The priest said he had parked his car in front of a school where he works because he lacked the money to pay for public parking.
Though in Galileo’s case the Holy Office had him recite seven penitential psalms on three consecutive Sundays and it was his eldest daughter Celestine who said them for him. So if their has been such an outcry over Galileo’s sentence shouldn’t this sentence be seen as much more severe over a parking ticket? This judge obviously has an ax to grind and the idea of an official being sent daily to verify the psalm sentencing is pretty over the top. Would this official bring with him an official psalm counter that he click off after each recitation?
Have mercy on me, O God, according to your unfailing love; according to your great compassion blot out my parking transgressions.
Wash away all my traffic record
and cleanse me from my violations.
For I know my publicly available record,
and my driving points are always before me.
Against you, and the DMV, have I sinned and done what is evil in your sight,
so that you are proved right when you speak and justified when you judge.
7 comments
Isn’t he already saying 10-13+ psalms per day anyway in the Divine Office?(sometimes they are broken up into sections so only 1 psalm is actually recited).
Or is ity in addition to that?
What, no Hail Marys?
Brian is right.

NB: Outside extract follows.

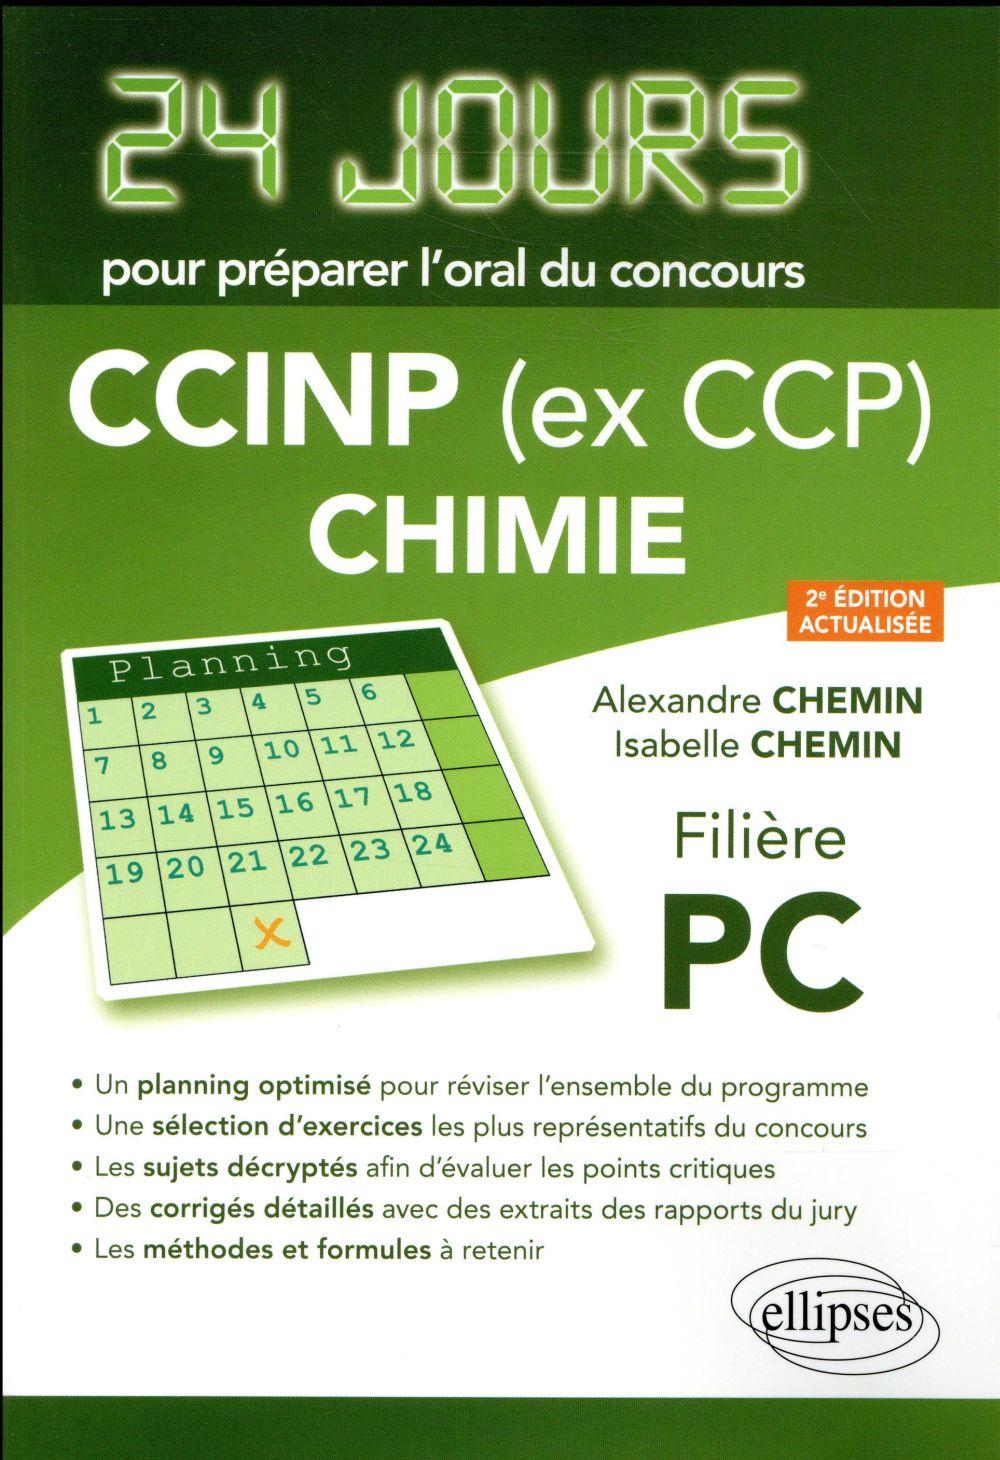 CHIMIE 24 JOURS POUR PREPARER L'ORAL DU CONCOURS XCINP (EX  CCP) FILIERE PC 2EME EDITION ACTUALISEE

If the good Father is saying his Divine Office like he’s supposed to, he’s already got this covered.
The penalty should be nothing, if he recites the Office like he should 🙂
It is a penance – therefore to be done in addition to that which he is already bound.
The real penance comes with the fact that the judge has ordered that he use the NAB translation!
The judge can’t ever get his history right. The Church didn’t say the earth does not rotate around the sun, it said Galileo is wrong for having a view that the Scriptures are not infallible. Another Black legend against the Church. This is a new form of an Inquisition.
If this is just the judge rehashing some vengeance fantasy right out of the 17th century, then shouldn’t this priest be allowed to let a nun cover for the psalms he owes? And shouldn’t the prick of a judge house him in a really nice villa?